Через несколько лет она вдруг загорелась идеей устроиться на работу, хотя бы на почасовую. Этот каприз был подавлен в зародыше.
Так, может, нынешнее настроение – просто новая женская дурь и ее надо перетерпеть? А вдруг здесь что-нибудь серьезное? Пинки решительно достал карточку с телефонным номером и поднял трубку.
– Доктора Карут, пожалуйста.
Он назвал себя, и его соединили с гинекологом Реми.

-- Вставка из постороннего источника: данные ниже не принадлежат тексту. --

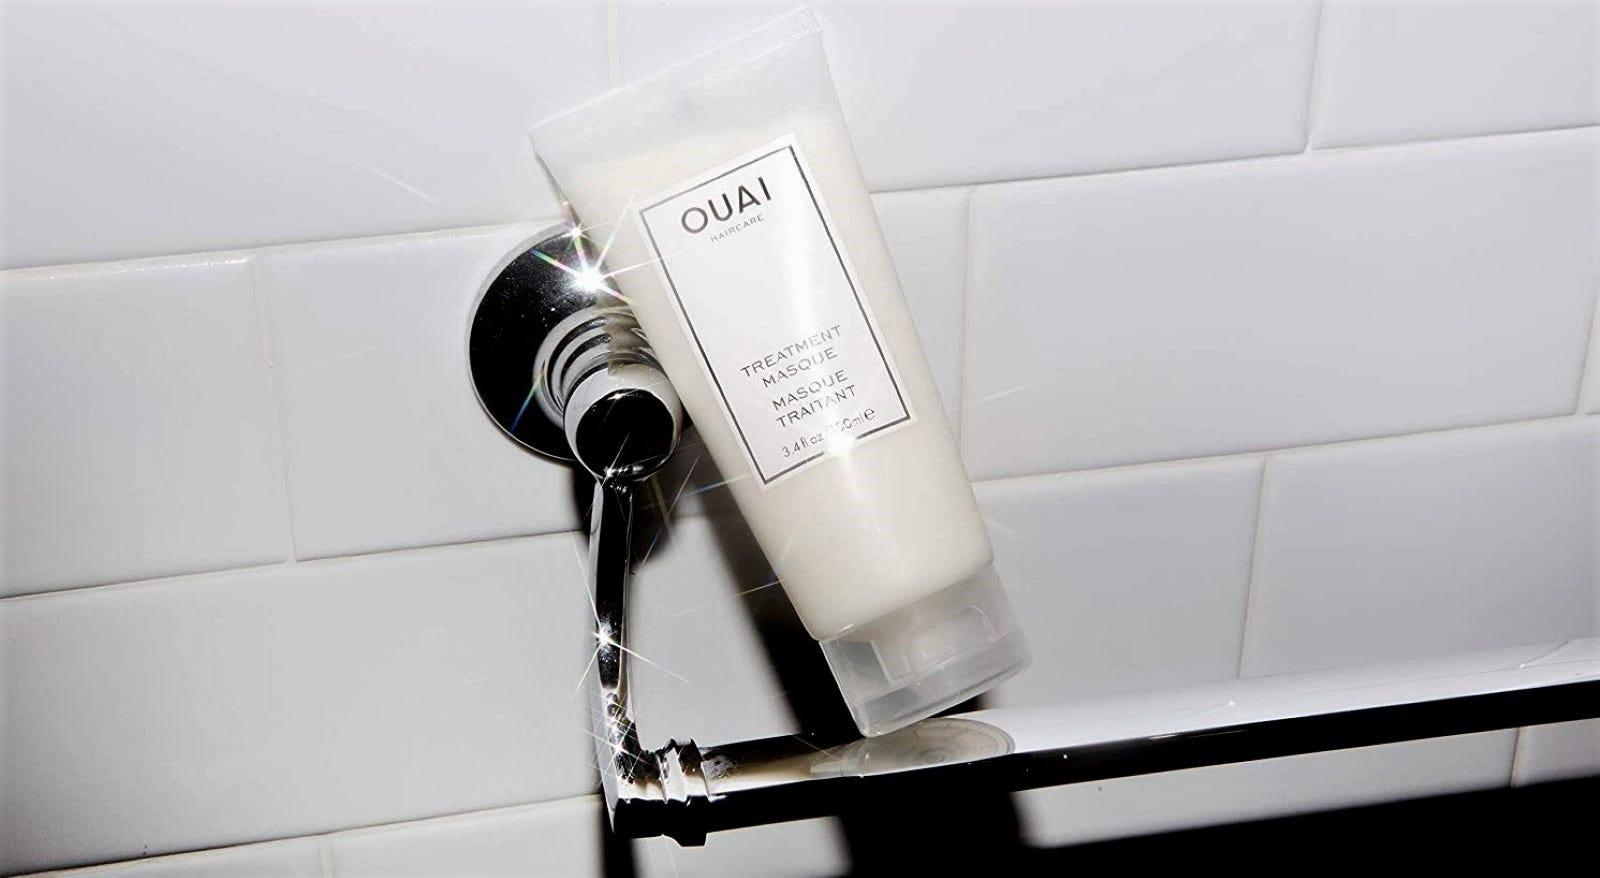 A tube of OUAI Treatment Mask sitting on a towel rack in a bathroom.

– Здравствуйте, мистер Дюваль.
Эта гадина поздоровалась так сурово, словно он был ее злейшим врагом. От врачей, с которыми он играл в гольф, Пинки знал, что она – жуткая стерва, бич всей больницы. Доктор Карут была одной из тех женщин, которые словно нарочно ведут себя заносчиво, особенно с мужчинами.
Пинки ее терпеть не мог и знал, что она отвечает ему взаимностью. Но он выбрал именно доктора Карут в качестве гинеколога для Реми, ибо не мог даже помыслить о том, что посторонний мужчина будет осматривать его жену.
– Вы звоните по просьбе миссис Дюваль? – неприязненно поинтересовалась врач. – Надеюсь, ничего страшного?